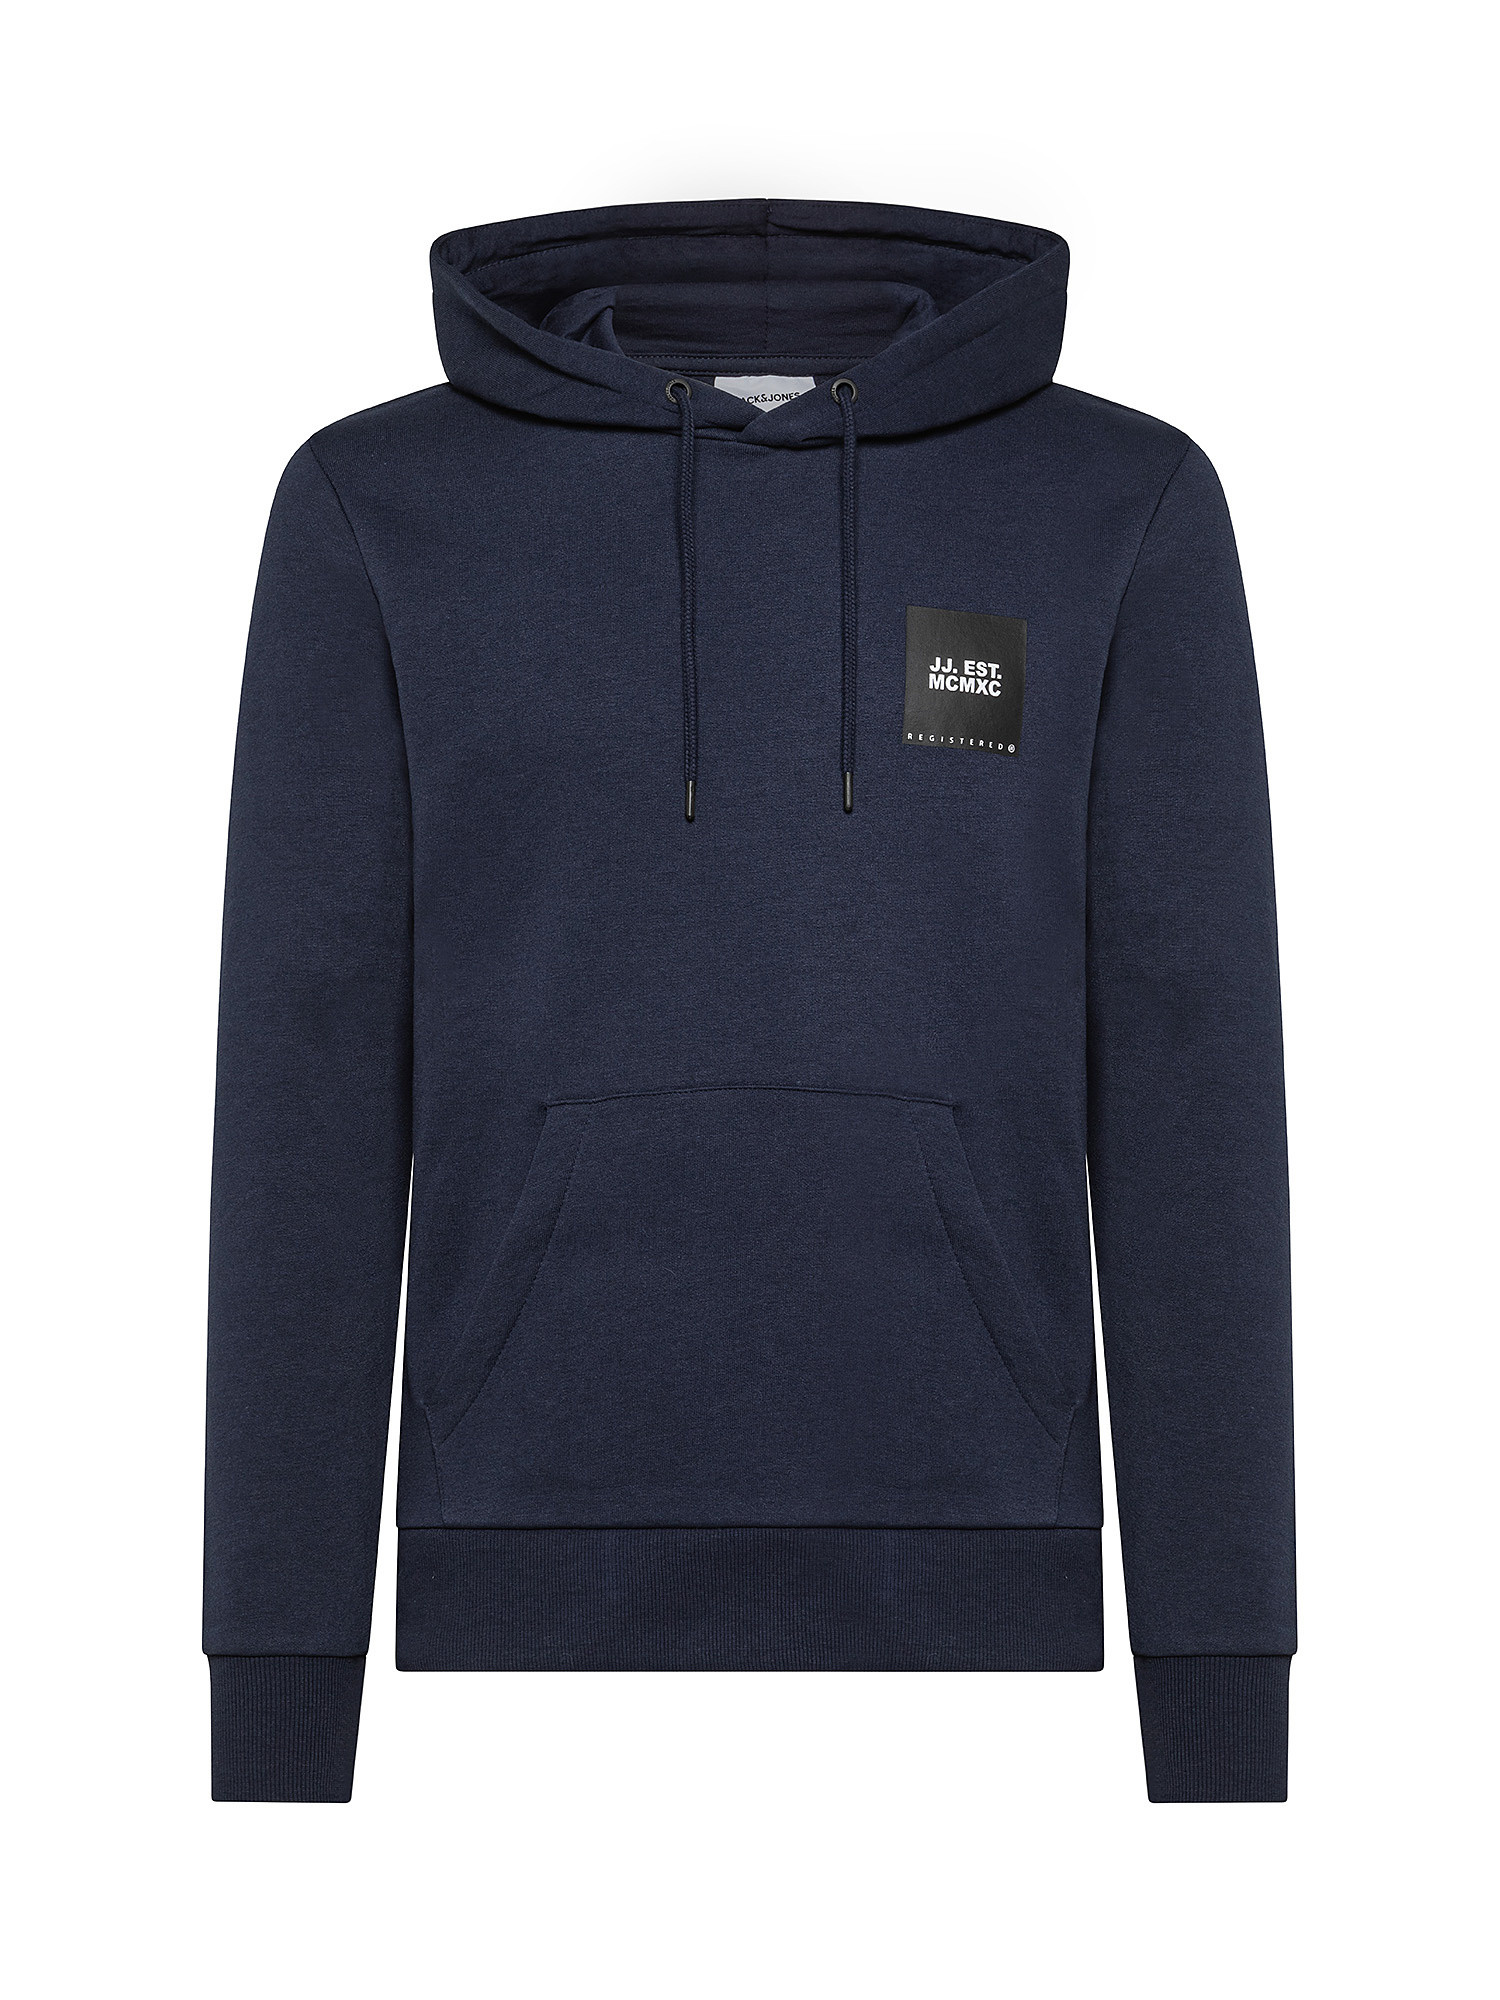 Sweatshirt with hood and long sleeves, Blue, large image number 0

...

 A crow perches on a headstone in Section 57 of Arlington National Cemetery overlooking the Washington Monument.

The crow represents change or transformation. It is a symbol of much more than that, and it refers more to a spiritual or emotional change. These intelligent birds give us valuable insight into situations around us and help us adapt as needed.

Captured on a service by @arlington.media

--

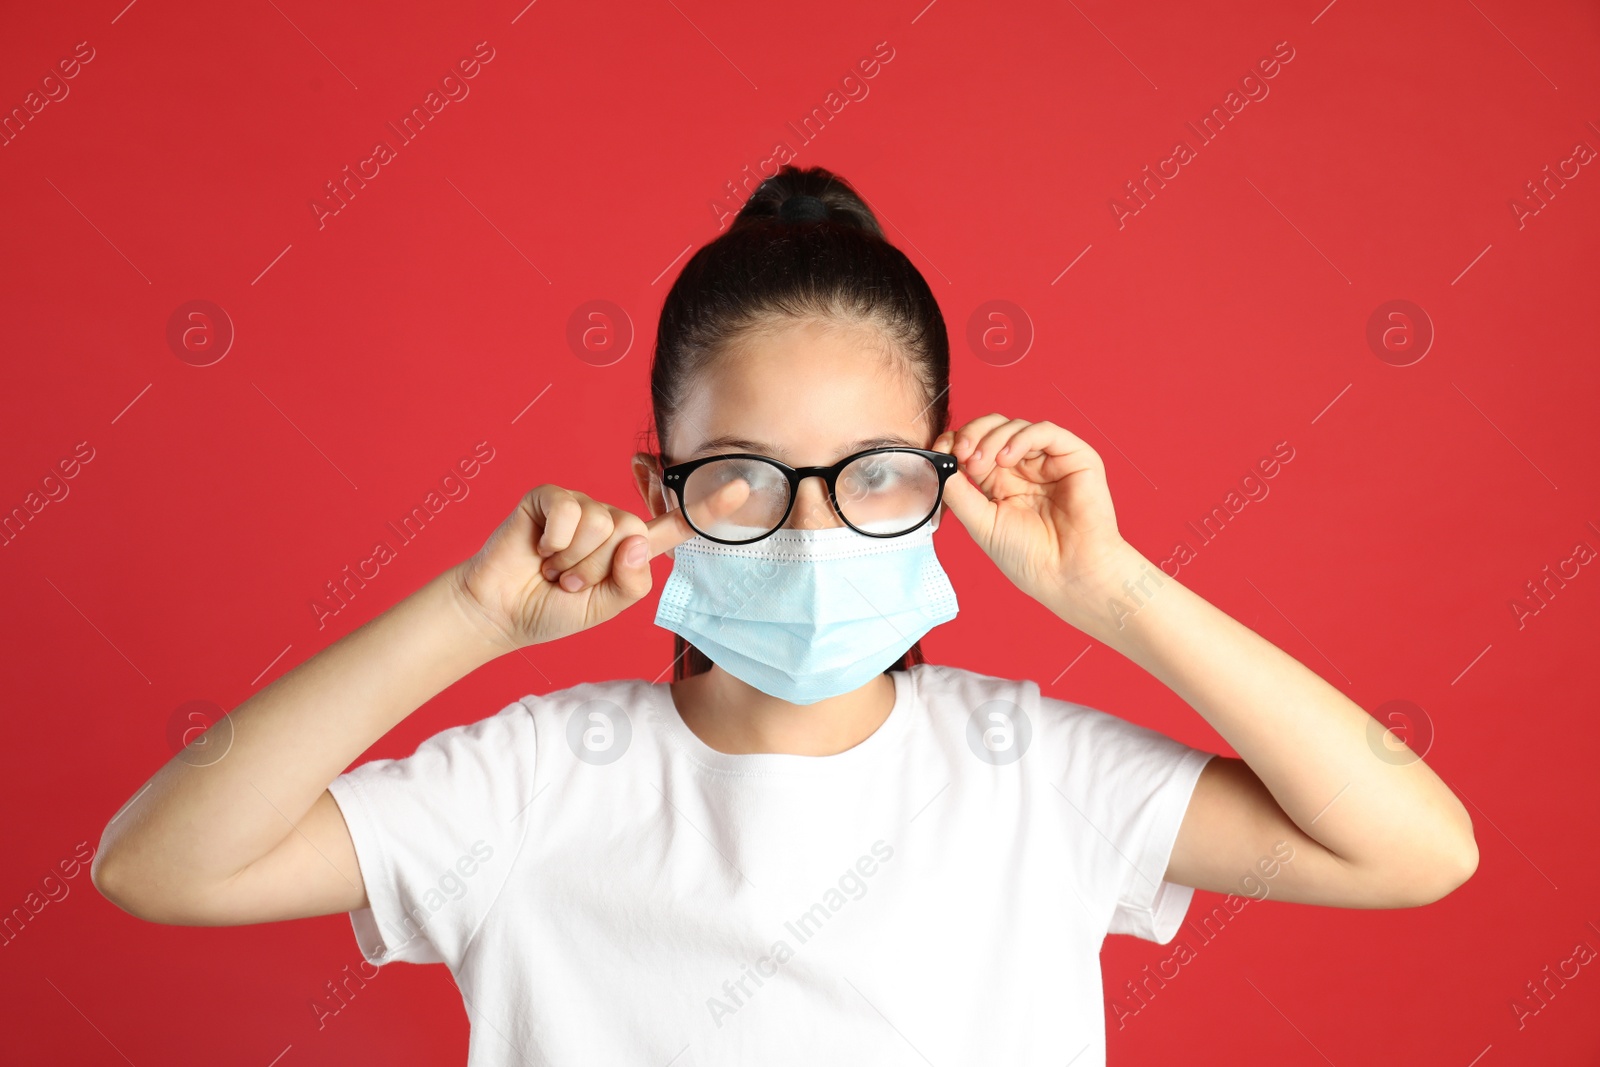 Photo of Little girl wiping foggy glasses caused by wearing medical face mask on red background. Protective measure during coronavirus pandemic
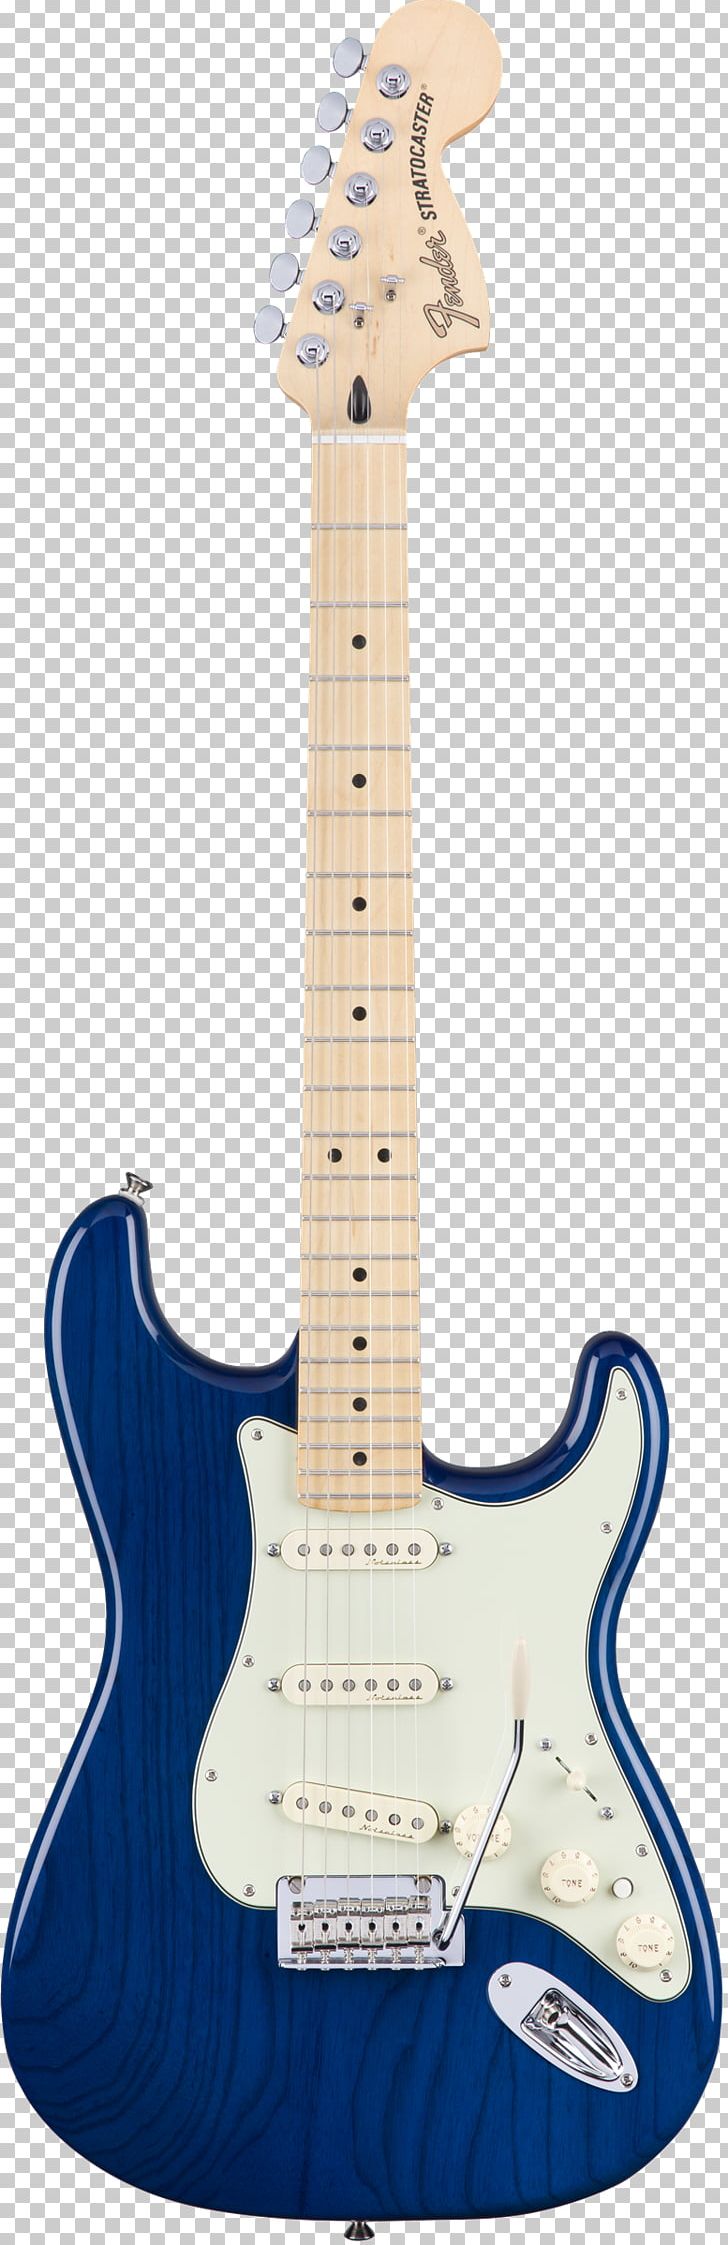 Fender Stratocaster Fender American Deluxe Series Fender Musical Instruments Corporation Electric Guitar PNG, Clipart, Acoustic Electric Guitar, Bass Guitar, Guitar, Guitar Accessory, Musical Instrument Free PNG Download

* **WHAT YOU ARE ASKED TO DO**: Say how many lines contain "crow" in the material above; the number is the whole answer.

* **PROBLEM SOLUTION**: 2